Work required
Taking the entries below, transcribe only the lines starting with the one with "Seo Agency Dublin" and going on through the one with "New Balance Kırmızı", exactly as written, without the pictures.

Data for review
★ ★ ★ ★ ★

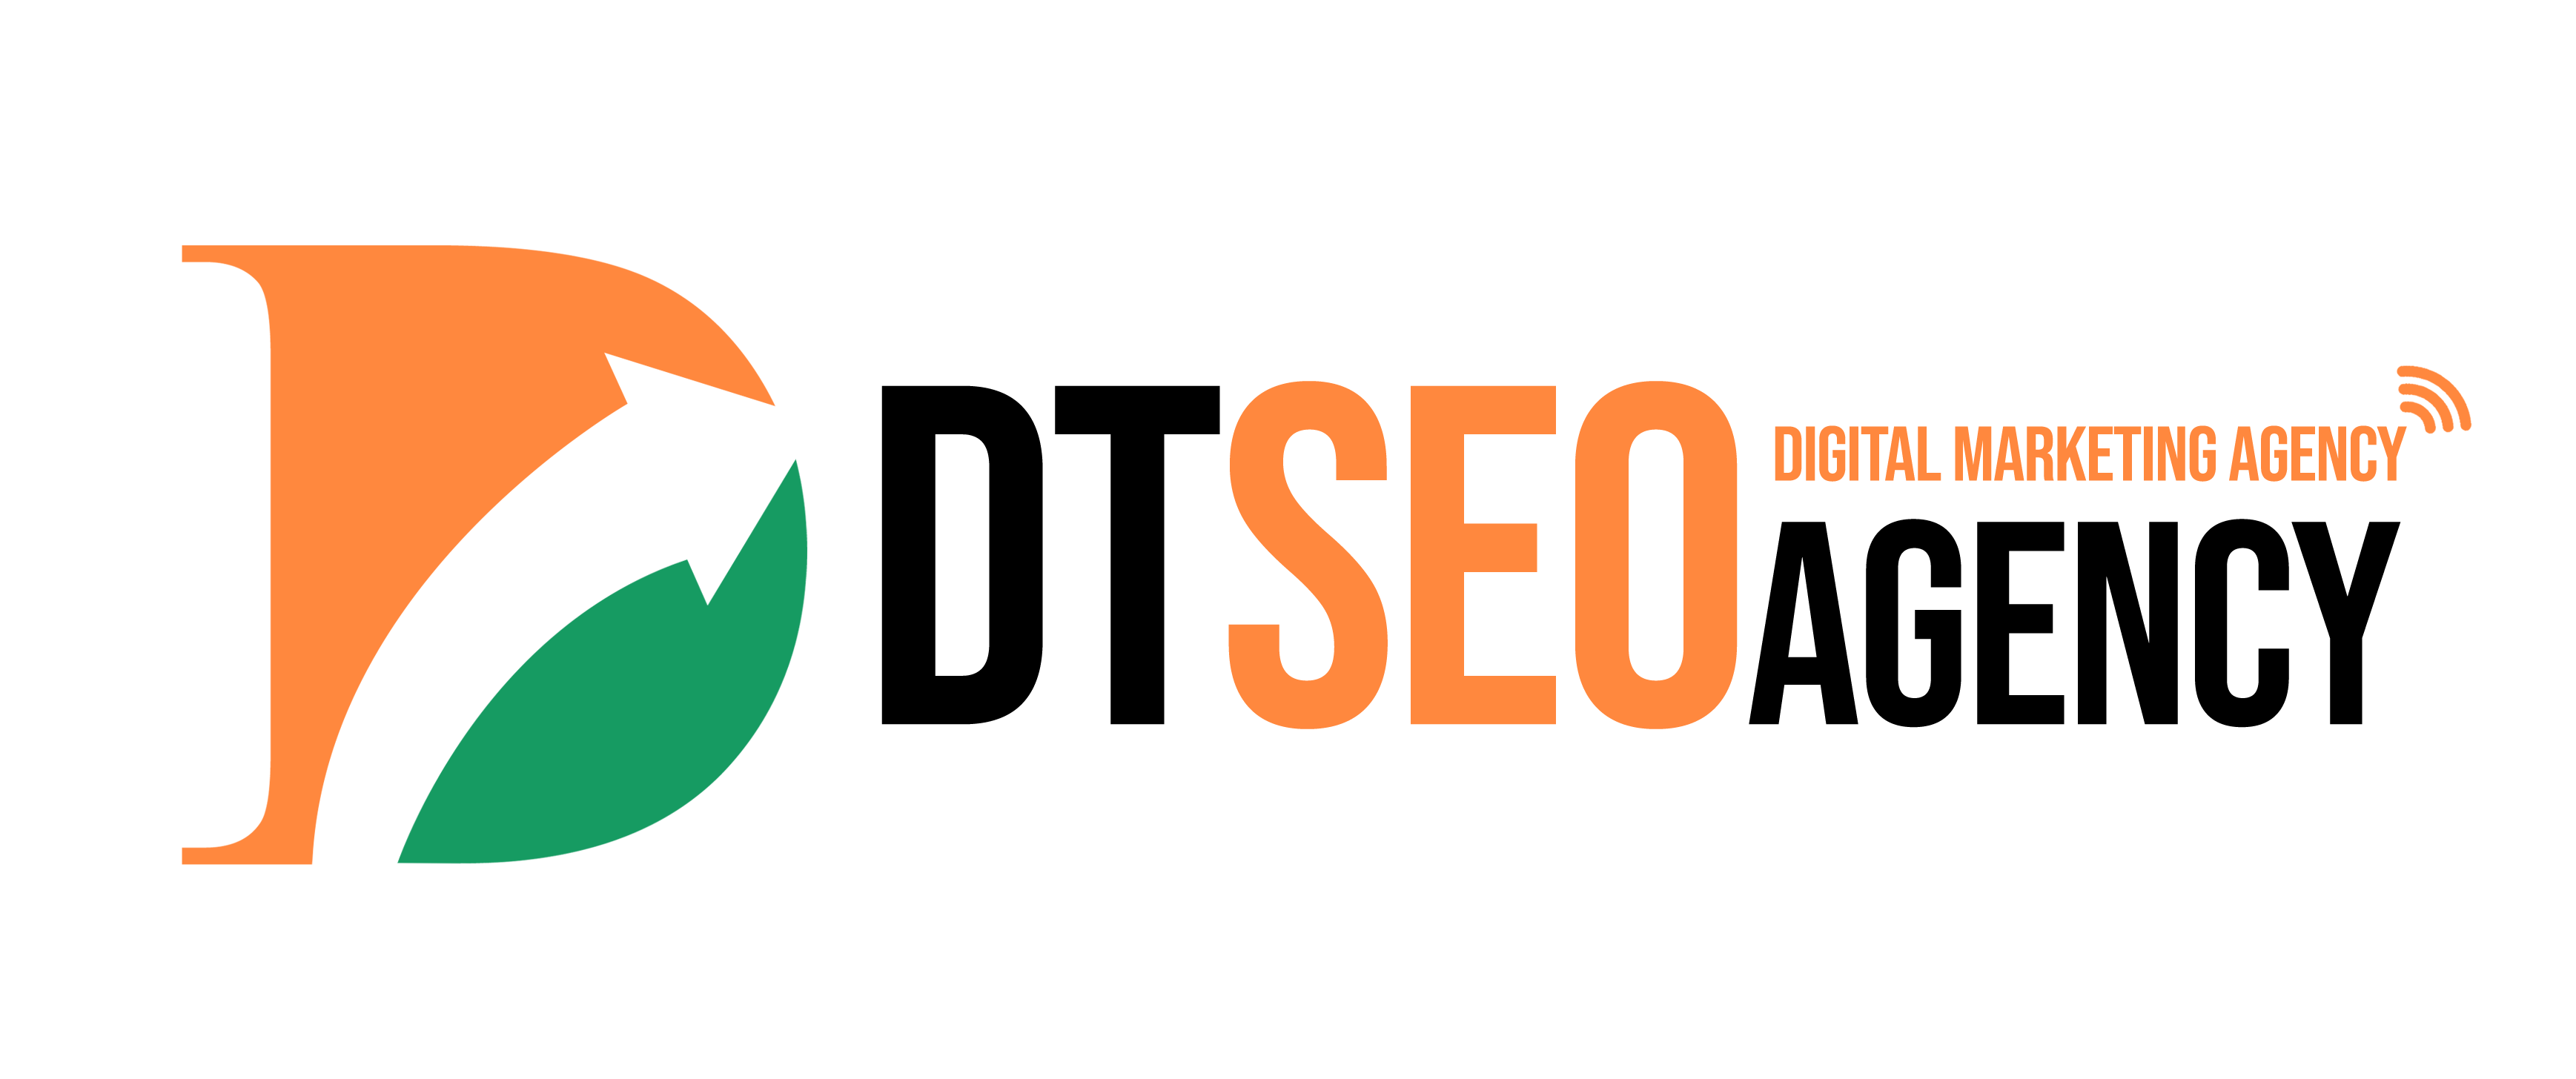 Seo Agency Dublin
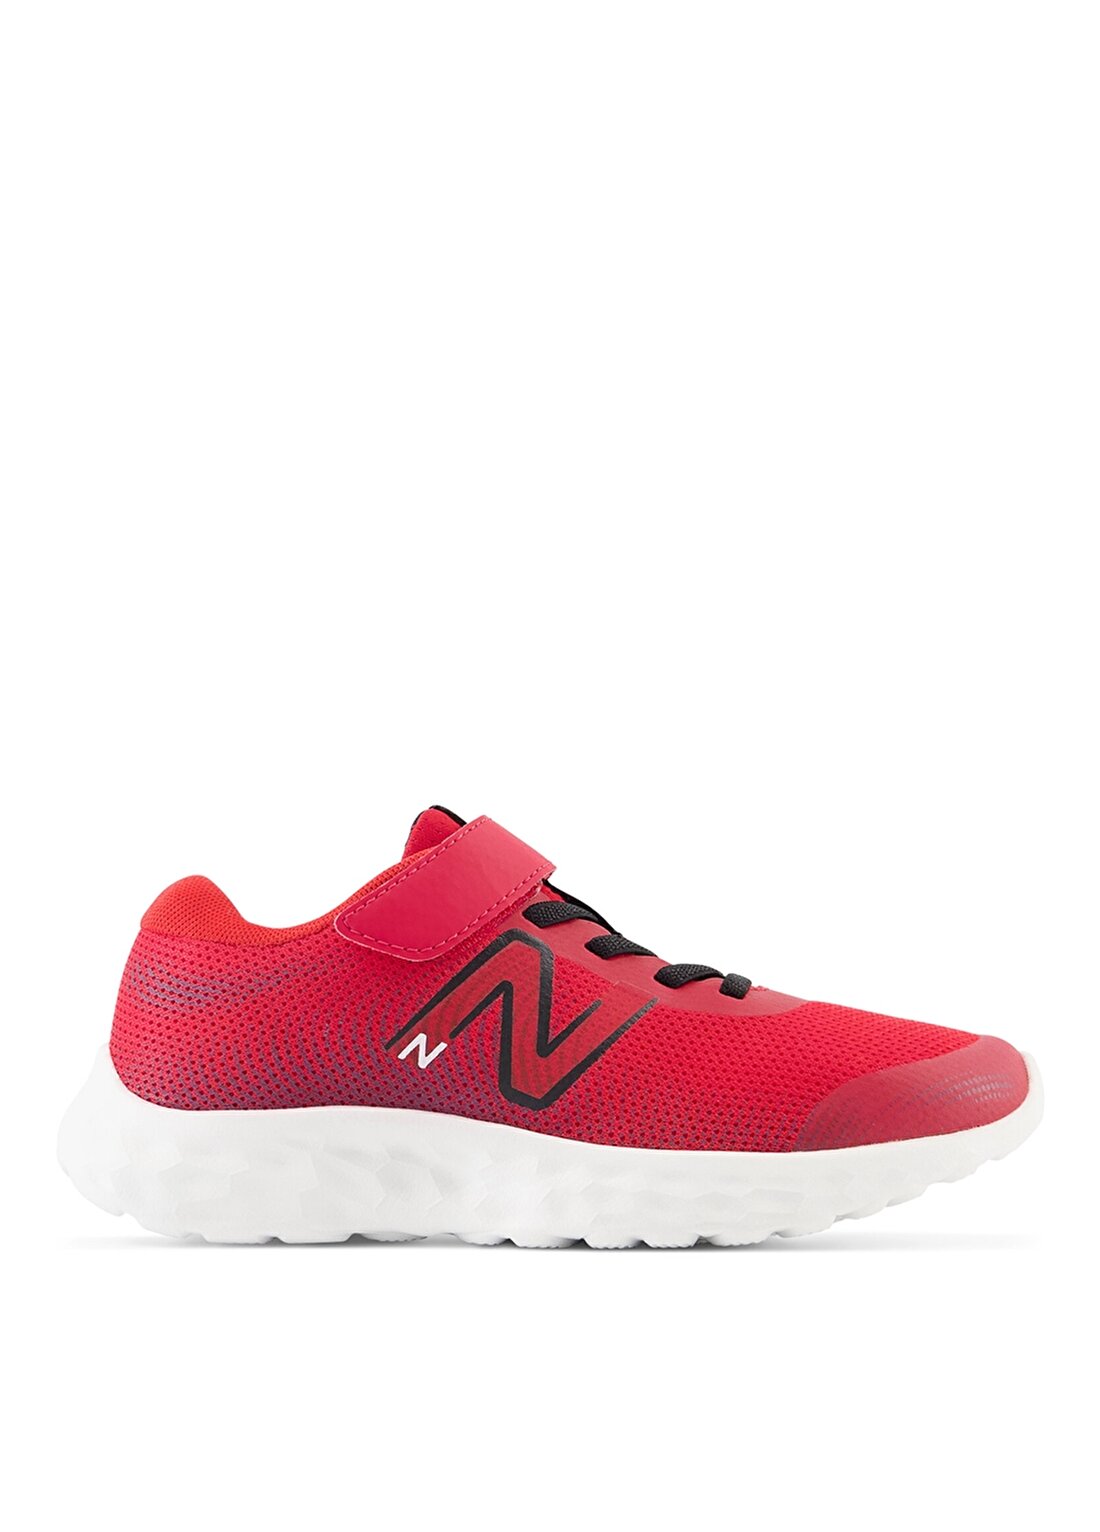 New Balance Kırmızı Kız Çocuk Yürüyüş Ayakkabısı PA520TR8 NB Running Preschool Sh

★ ★ ★ ★ ★

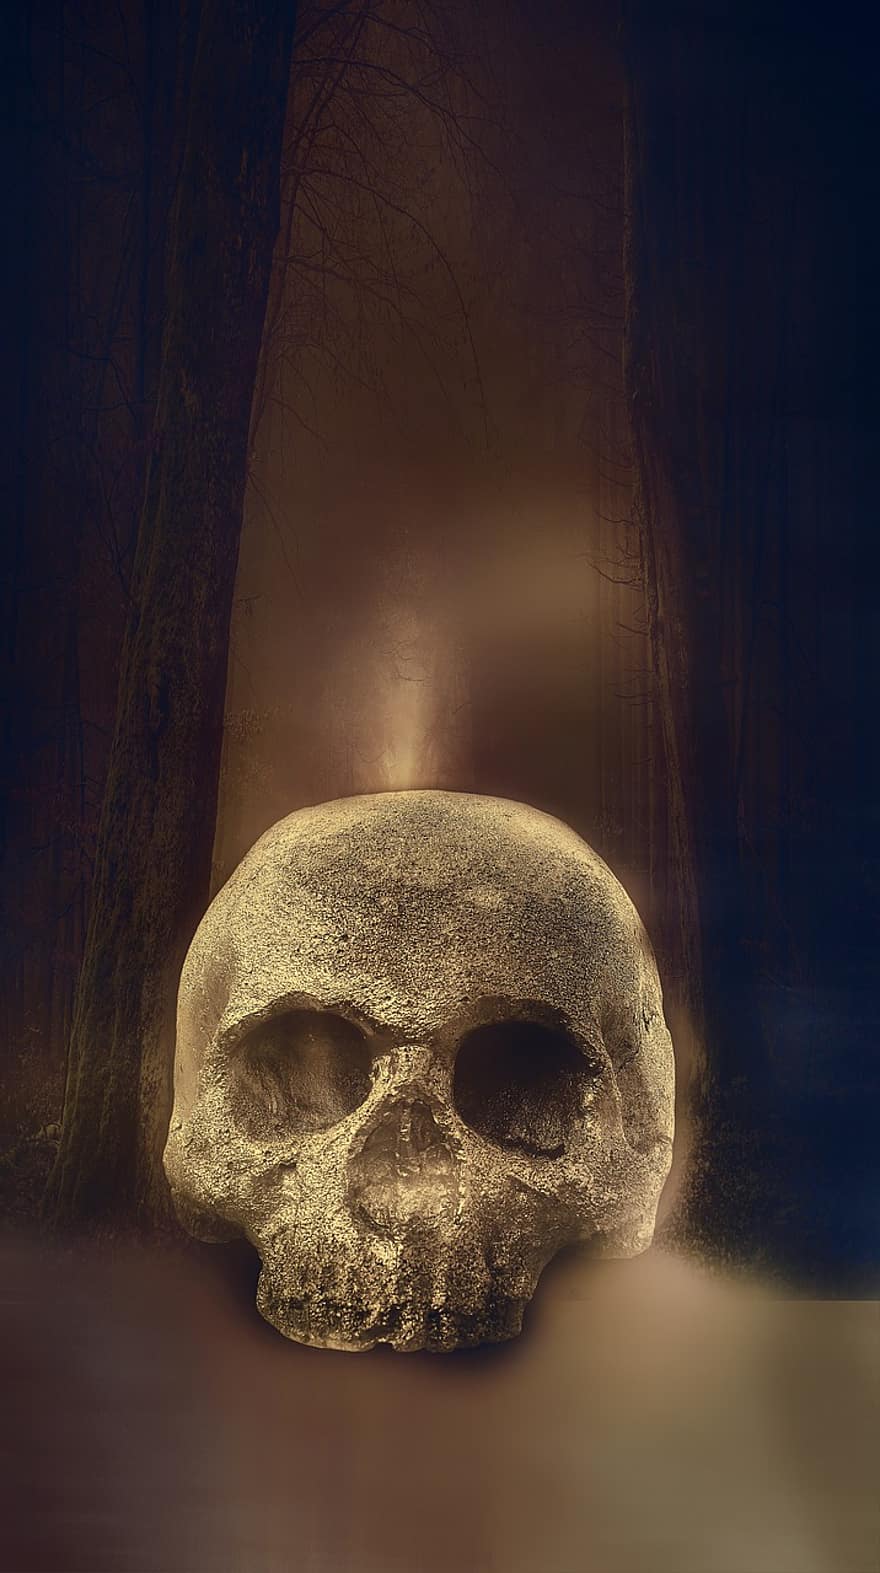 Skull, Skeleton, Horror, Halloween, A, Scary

★ ★ ★ ★ ★

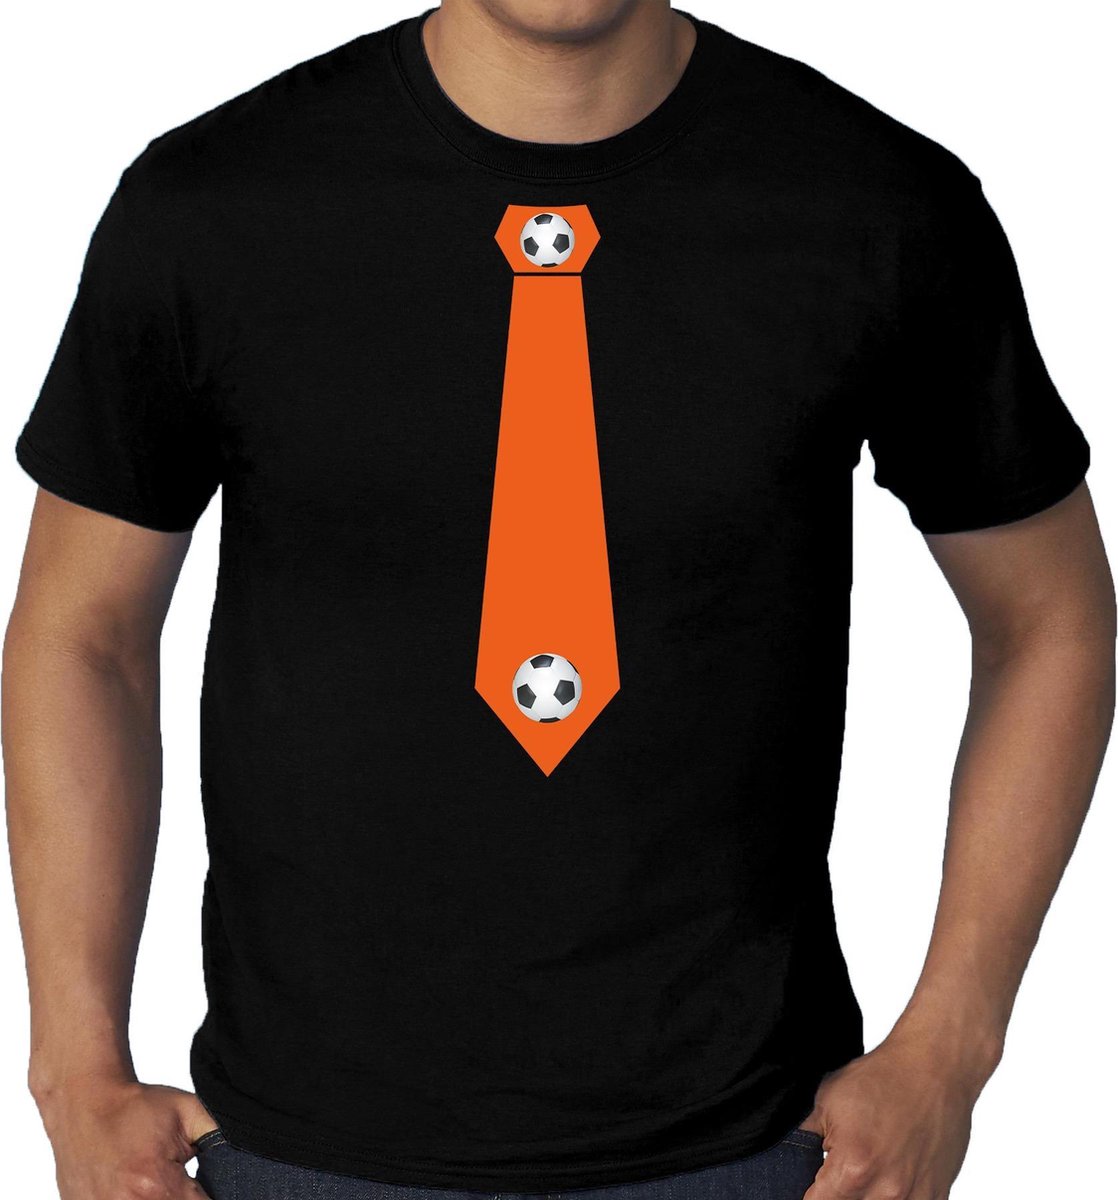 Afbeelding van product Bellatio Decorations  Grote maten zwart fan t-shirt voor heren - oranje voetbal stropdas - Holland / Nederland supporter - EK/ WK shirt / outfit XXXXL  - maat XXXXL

★ ★ ★ ★ ★

Answer for the task
 Seo Agency Dublin
 New Balance Kırmızı Kız Çocuk Yürüyüş Ayakkabısı PA520TR8 NB Running Preschool Sh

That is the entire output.